Posted: 24/07/2006 - 10:48
by merman
zzr, I am probably a stranger to you, but I am hoping for the best for you and your girlfriend at this tough time. I suppose I am lucky in that I have never had to go through such grief in my life so far.

The Web gives a definition for "endgueltigkeit" as finality, or the inevitability that something is over.

Posted: 24/07/2006 - 15:25
by Lexx
Yes Endgültigkeit means Finalty (i'm from austria so i know german too) and religion isn't important as long as the people do care for others too. A clean heart & a positiv though is all we need.....then positiv karma happens. :)

I'm new to this community but i know remix64 as a longtime visitor and it took me a while until i have decided to introduce me to them as a member. One of the main-reason was the language problem. I always understood english but it was very hard to form sentences which are understandable to someone who realy knows a proper english. But today i feel much more confident about the language barrier that i will break through one day.
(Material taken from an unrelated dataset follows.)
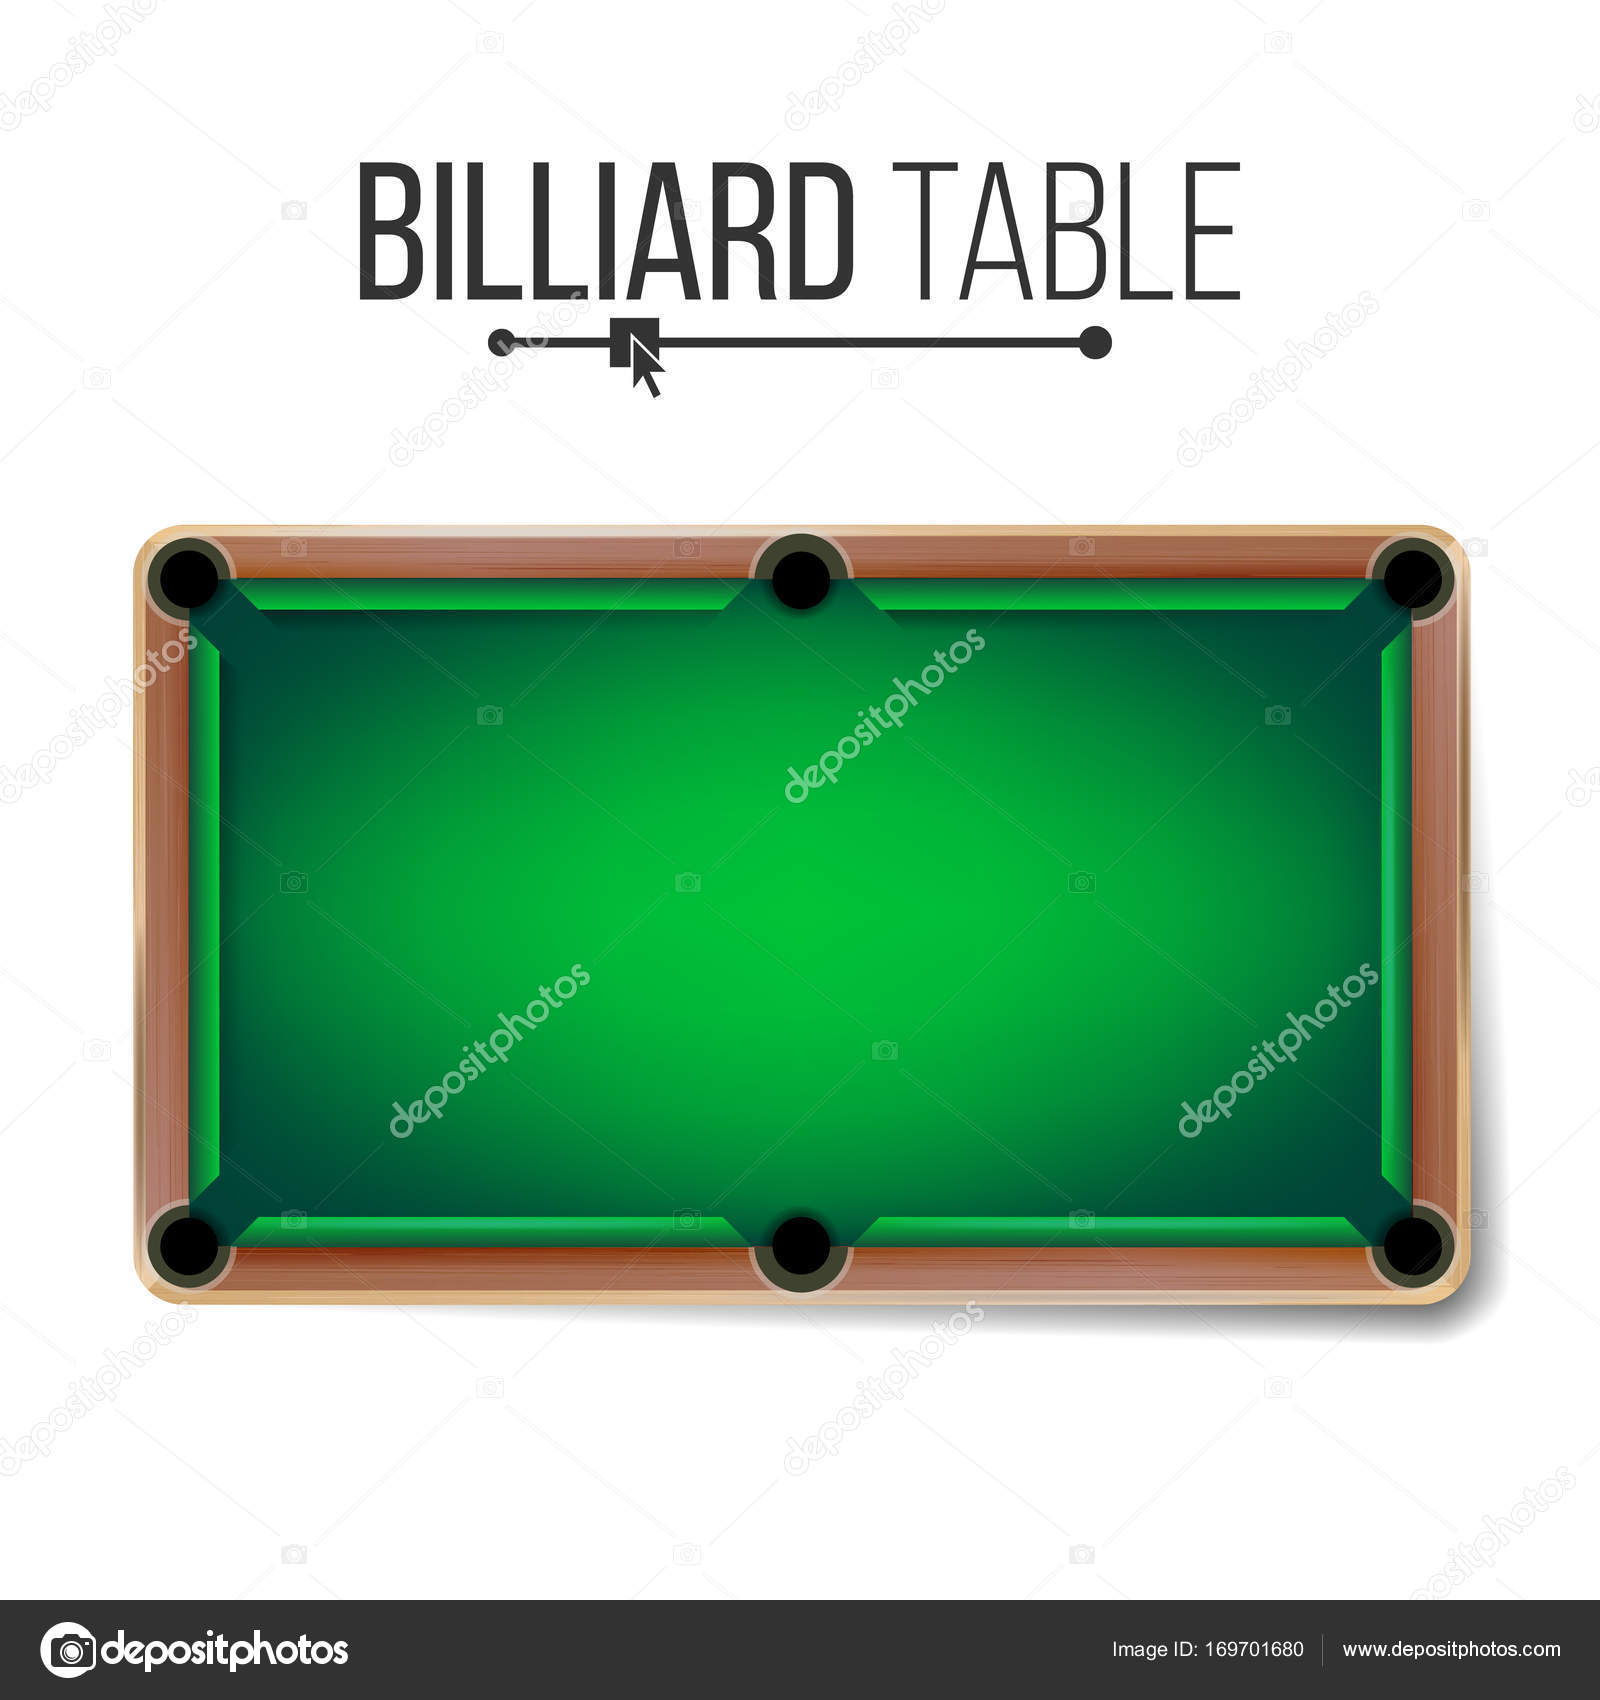 Plano de fundo do jogo de bilhar com vista superior da mesa de bilhar

I need a community like remix64 because i'm seriöusly ill. ;) I'm so in love with Chris Huelsbeck's Music & all the old retro-stuff that i extremely miss.....so there is a desire to share my interest's with the others. Therefore i get quotes, answers etc...back....then this makes me feel associated & therefore happy. :) And that's the reason in life....to become a part of the community, to become beloved by someone ur realy love, to get first love by the mother & so on.....as u see LOVE exists in all kind of realationships & so don't wonder that people want to share & helping u.
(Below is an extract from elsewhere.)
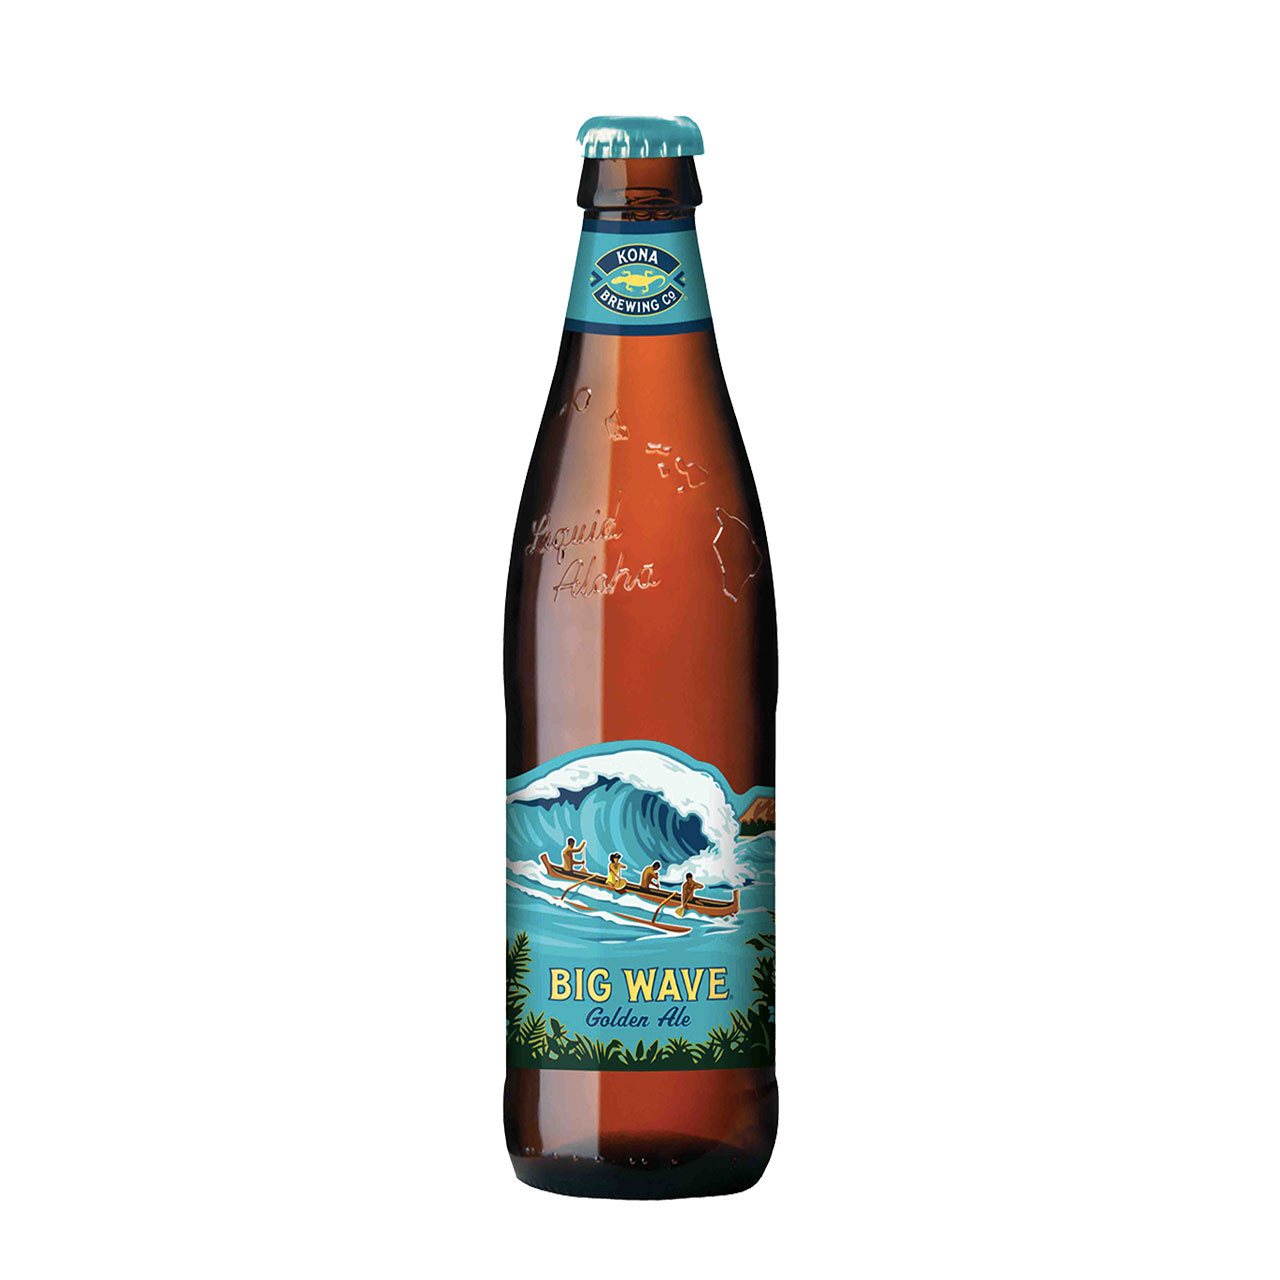 Kona Big Wave fles 35,5cl. Is het licht blond bier van Kona met 4.4% alcohol

Apropos to share....I think it is a good idea that ur girl decided to talk with someone with the same experiences. That will clear her mind from negative thoughts & ur love will fill her with fresh energy... courage to face a "new" life. I personal know people in my family who had complicated births. My cousin had Caesarean with her first baby. Then the seond was born without. My grandma has born 6 children in her entire life. She is over 80, very strong will to live, i admire her strength....she suffered a hard life with a bad husband, had to move from hungary to austria which was a hard task due lack of money,...one of the 6 children died after it was born in a few weeks under a uncommon disease but was still able to give my mother a heahlty life. So as u can figure....the next try must not become the same :!: And due all this climatetic problems ....there are so many things who can influcience the female body during the pregnancy. So there is for all couples a risk. Not the parents are responsible if something went wrong.

My grandma enjoys a good rent now what she realy deserves after a very hard life as mother of 6 kids & the miserable marriage. This old lady is happy now. And so it will happen to u & ur girl. ;)

Re: nothing is as hard as life.... sry to bother

Posted: 25/07/2006 - 6:21
by gibs
Zzr wrote: life sucks sometimes. now we try to get over it, wich is hard, specially for her... wish me luck, bringing her smile back to her
regards, a sad zzr
this kind of situation is always more difficult for the woman...tell her that she mustn't feel guilty.... :?